In order to make the aforementioned and other features and advantages of the present invention more comprehensible, several embodiments accompanied with figures are described in detail below.

BRIEF DESCRIPTION OF THE DRAWINGS

The accompanying drawings are included to provide a further understanding of the invention, and are incorporated in and constitute a part of this specification. The drawings illustrate embodiments of the invention and, together with the description, serve to explain the principles of the invention.

FIG. 1 shows a cross-sectional view of a touch display panel according to an embodiment of the invention.

FIG. 2 shows results of testing elastic recovery rates of a sealant according to an embodiment of the invention.

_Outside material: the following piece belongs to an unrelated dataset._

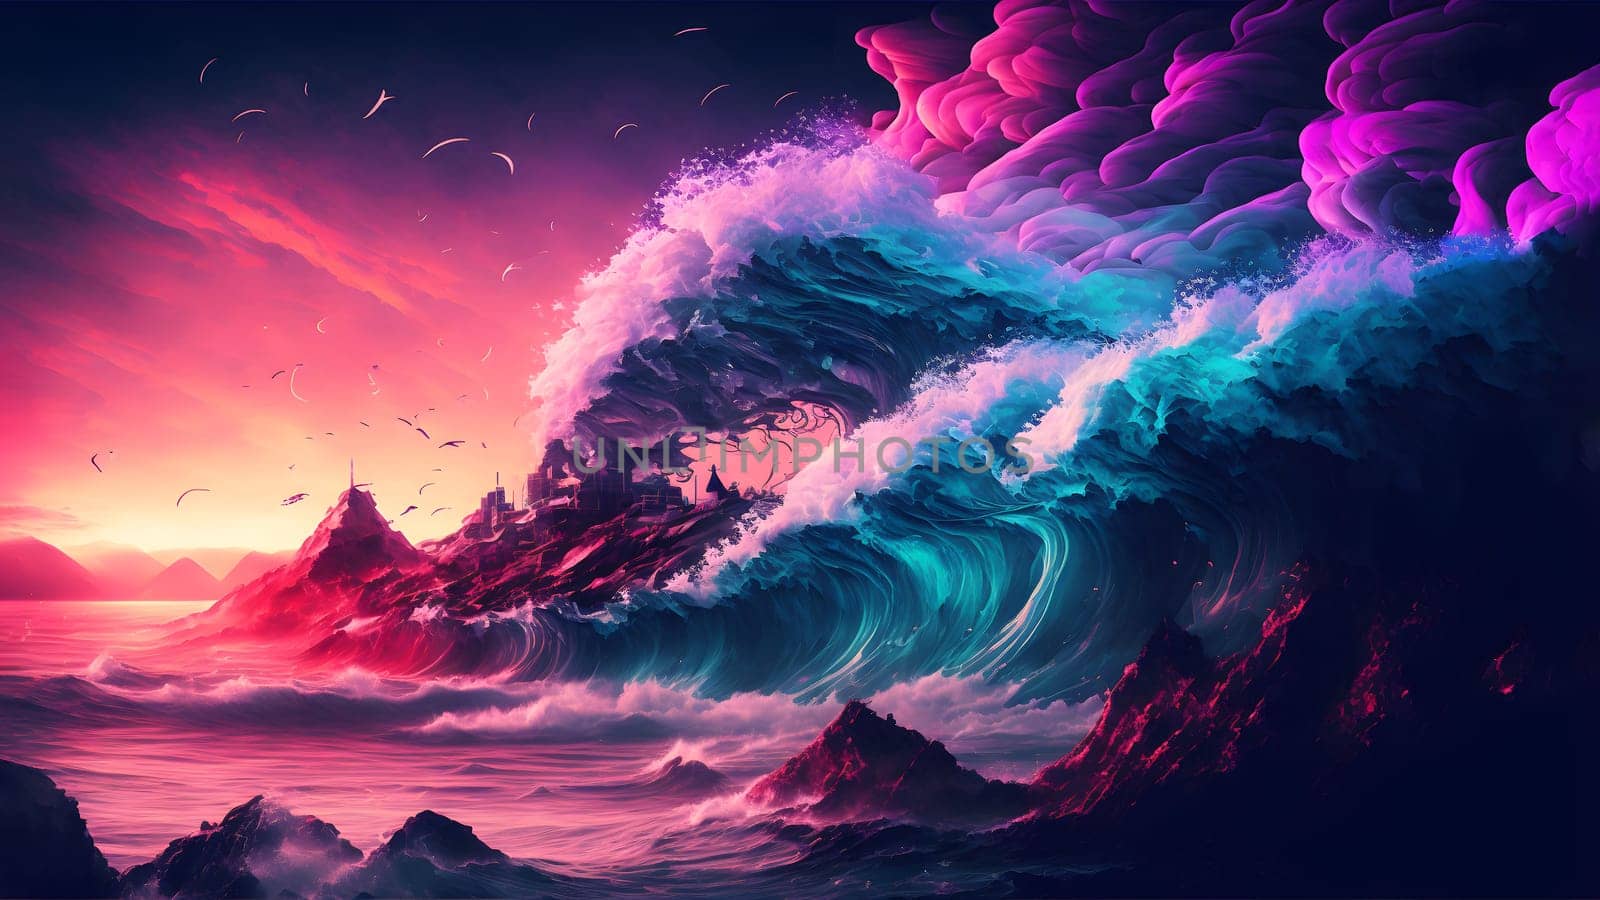 ocean wave at purple sunset in retro style, neural network generated art by z1b

FIG. 3 shows results of comparing adhesion forces of the sealant according to the above-mentioned embodiment and of a sealant according to a reference embodiment.

FIG. 4 shows results of comparing voltage holding ratios of the sealant according to the above-mentioned embodiment and of a sealant according to a reference embodiment.

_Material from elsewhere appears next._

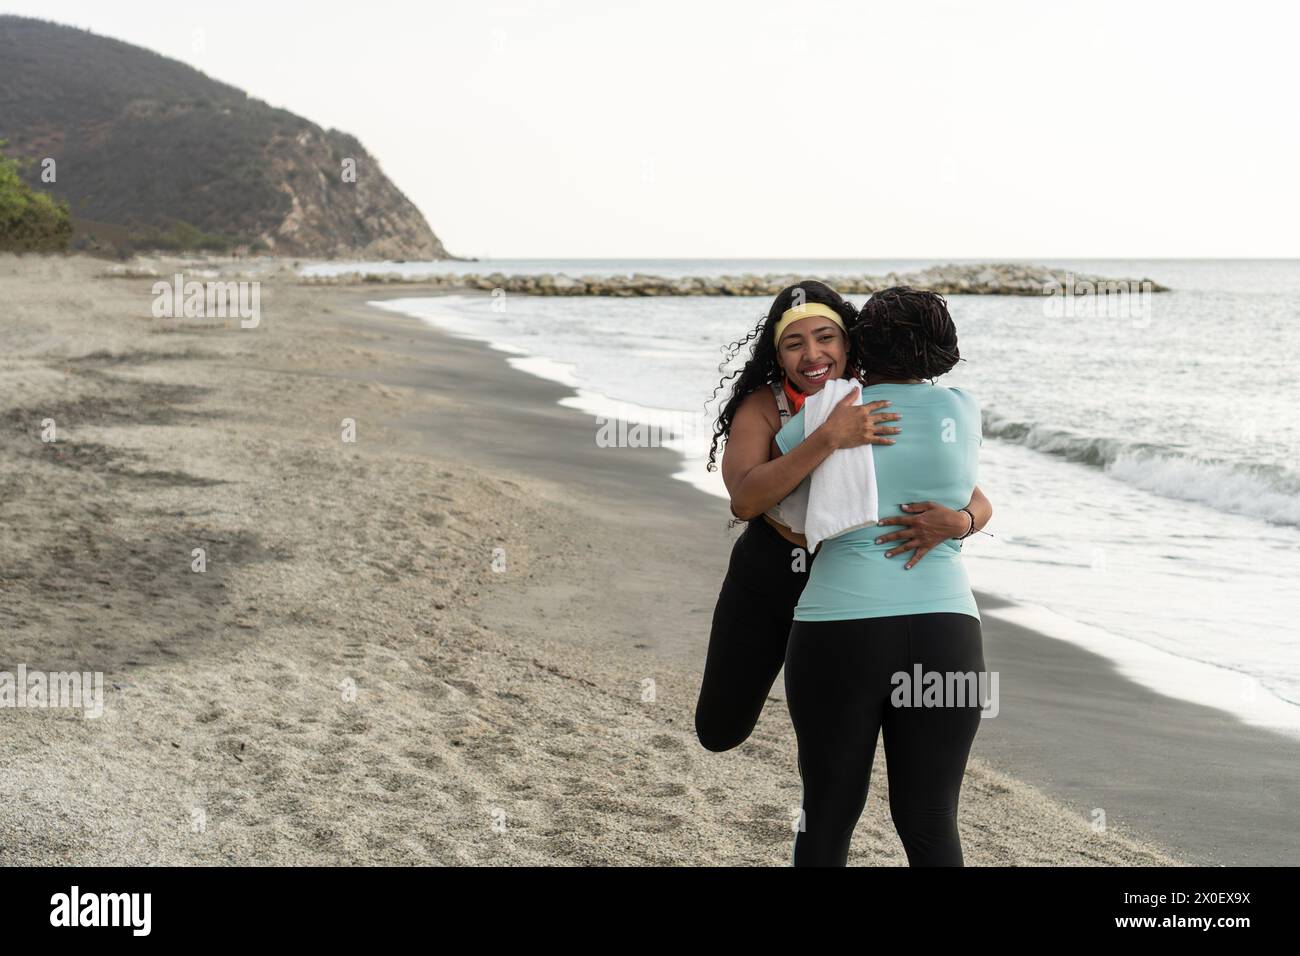 Two women embrace joyfully on a quiet beach, waves gently lapping the shore. Stock Photo

DESCRIPTION OF EMBODIMENTS

FIG. 1 shows a cross-sectional view of a touch display panel according to an embodiment of the invention. Referring to FIG. 1, a touch display panel 200 includes a first substrate 210, a second substrate 220, a touch-sensing structure 230, a display medium 240 and a sealant 250. The second substrate 220 is opposite to the first substrate 210 and has a common electrode 222 disposed thereon. The touch-sensing structure 230 is disposed between the first substrate 210 and the second substrate 220 and has a sensing gap G. The display medium 240 is sandwiched between the first substrate 210 and the second substrate 220 and is used to display an image. The sealant 250 is disposed between the first substrate 210 and the second substrate and seals the touch-sensing structure 230 and the display medium 240 between the first substrate 210 and the second substrate 220, wherein the sealant 250 is formed by performing a polymerization reaction on a composition.

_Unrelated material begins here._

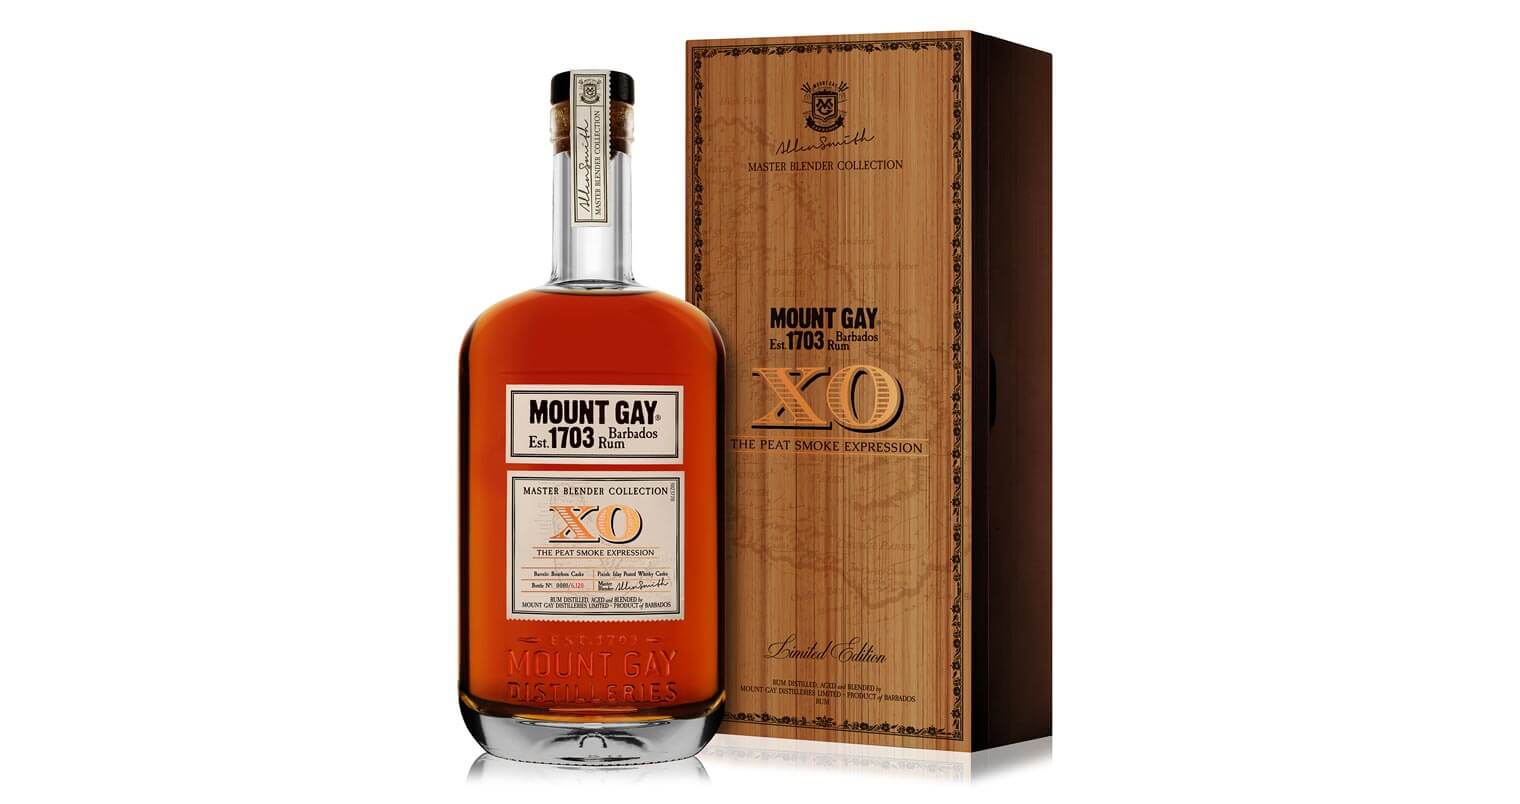 Mount Gay Releases Limited Edition XO The Peat Smoke Expression, bottle and package on white

In detail, the composition used to form the sealant 250 includes an epoxy acrylic monomer, an acrylic monomer, a photo-initiator reagent and a hardener reagent. The epoxy acrylic monomer is preferably a bis-phenol A type epoxy acrylic monomer, and the acrylic monomer is preferably an acrylic monomer having a soft chain. In addition, contents of each compound in the composition have the following relationship. The amount of the bis-phenol A type epoxy acrylic monomer is from 20 to 50 wt %, the amount of the acrylic monomer is from 2 to 8 wt %, the amount of the photo-initiator reagent is from 0.5 to 5 wt %, and the amount of the hardener reagent is from 1 to 5 wt %.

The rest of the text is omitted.